ICPMs balk at termination rule

By Bryan Borzykowski | May 18, 2007 | Last updated on May 18, 2007
4 min read

For a lot of people, handing an incorrigible boss your walking papers can feel great, especially if you’ve got a better job lined up. But what if your jilted superior had the power to get you canned from your next place of work?

Securities commissions across the country are debating a proposal, which is part of NI 31-103, that would force a former employer to tell their ex-employee’s potential employer why that person left their company.

Section 8.1 of the proposed rule states, “On request, a registered firm must disclose, to another registered firm that is considering whether to employ, retain as agent, or accept as a partner a person, all information in its possession or of which it is aware that is relevant to the person’s conduct or to an assessment of the person’s suitability as a registered individual or that is material to the hiring of the person by the registrant.” In other words, if a new employer wants to find out why their recent hire left their last company, the old employer is mandated to share that information.

While the securities commissions defend the rule by saying this as one way to stay on top of corruption, others in the financial community are worried it will just lead to institutionalized mud slinging. At the 9th Annual Compliance Readiness Strategies conference for ICPMs, many in attendance expressed concern with this part of the national instrument. “This sounds like an awfully smelly kettle of fish to me,” said one attendee, while another commented that “if an employee quits because there are issues at the firm, I think employees should be given a chance to notify the regulators so they can do their reviews on the firm.
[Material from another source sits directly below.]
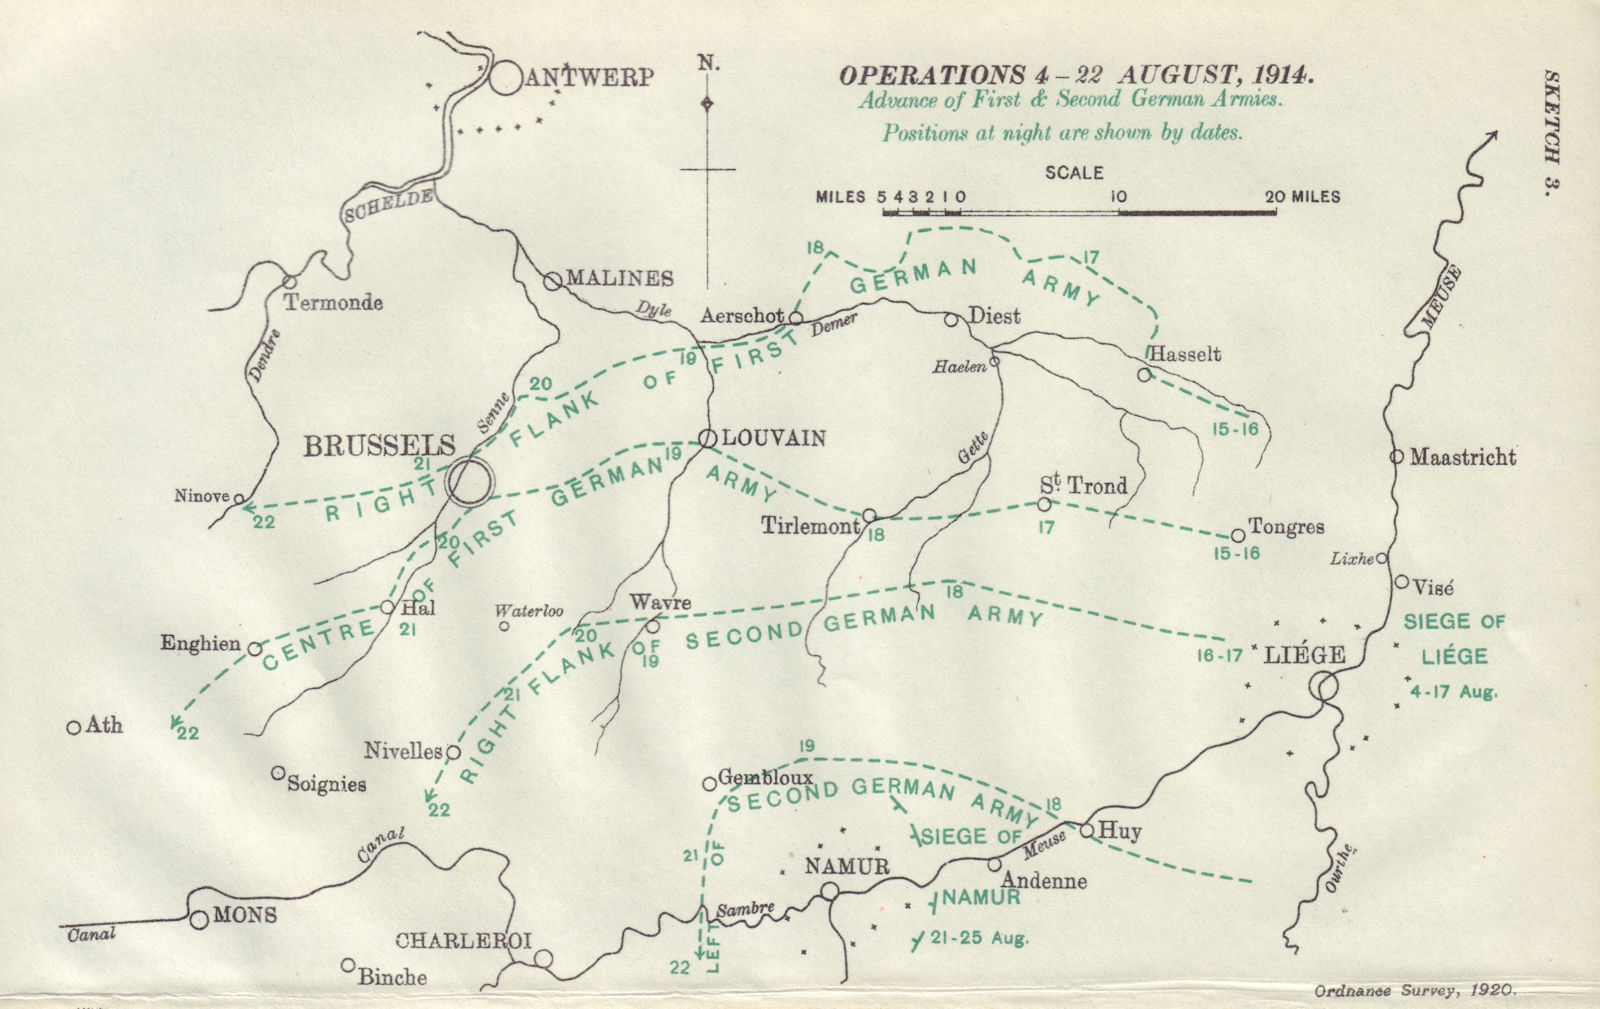 1st & 2nd German Armies advance, 4-22 August, 1914. First World War. 1933 map

Passing the trash goes both ways.”

Charles Dillingham, a portfolio manager and vice-president with Toronto-based Morguard Financial, is worried that the proposed rule will be unfair to the employee. “It seems to me that some of this stuff has to overcome basic human rights legislation,” he says. “If you’re asking for a special thing, somewhere in that equation should come the fairness of the person in the middle.”

As it stands now a potential employer can call references and ask for criminal record checks. David Gilkes, manager of registrant regulation at the OSC, says the new rule will give an employer the “tools necessary to do due diligence.”

“It’s a means of helping the firms get accurate information on their employees,” he says.

Sandy Jakab, the British Columbia Securities Commissions’ acting director of capital markets regulation, told the ICPM conference that the rule is not just for new employees, but also for the regulators to stay on top of any dubious activity.

“Your concern about a person’s behaviour is going to coincide with the regulators concern about that person’s integrity, which is a key component of the suitability for the person’s registration,” she said. “The notion that there should be information shared, we think, supplements the duty that already exists of the hiring firm.”

Dillingham agrees that there “needs to be something along these lines,” but he sees several problems with the process. One concern is that while employers can freely share information, getting that same information to an affected employee isn’t as easy.

“So much of this can be subjective,” he says. “If you’re asking for the rules to be loosened up such that people are being pressured to give information more than in the past, with unknown legal liabilities, if you’re pushing for the rights of the hirer, the hiree should have the same rights.” When companies share information, Dillingham says an employee should have access to the same information at the same time.

If an employee wants to know what’s in his/her file, explains Jakab, he can ask his boss to show him. “You have the right to ask for any information an organization has on you and you have the opportunity to correct that.” She admits that it’s a bit of a complicated process as access to personal information can often straddle the line between employment law and privacy legislation. “What is the employee information and what is the employer information is up for much discussion and debate,” she says.

Another worry of Dillingham’s — and many of the other managers at the ICPM conference — are the legalities surrounding this proposed rule change. If an employer provides information that prevents someone from landing a job, can they be sued?

When coming up with this proposal, the BCSC took a close look at privacy law and determined that this type of information sharing is legal. As an extra safeguard, Jakab says an ex-employer can also use the defense of “qualified privilege” if a defamation claim is made. “This is because the former firm is required by statute to provide the information,” she says. Of course, the information an employer provides has to be true and accurate or an employer can sue for libel.

Jakab isn’t surprised by all the comments regarding this rule change. She’s attended other conferences where the same questions and concerns pop up. NI 31-101 won’t be ratified until mid-2008, so securities commissions across Canada are currently accepting comment on the rule.

“What people are trying to figure out is how to use this tool most effectively. It’s still under development,” she says. Still, Jakab doesn’t think the proposal dramatically alters the hiring process. “This rule change doesn’t affect the dynamic that exists today. It just opens the opportunity for more of these conversations.”

Until the rule becomes clearer, however, people like Dillingham are going to have questions. “Look at the same news written in Dubai and New York and you see a very different story,” he says. “It’s such a treacherous area where there’s so much room for interpretation.”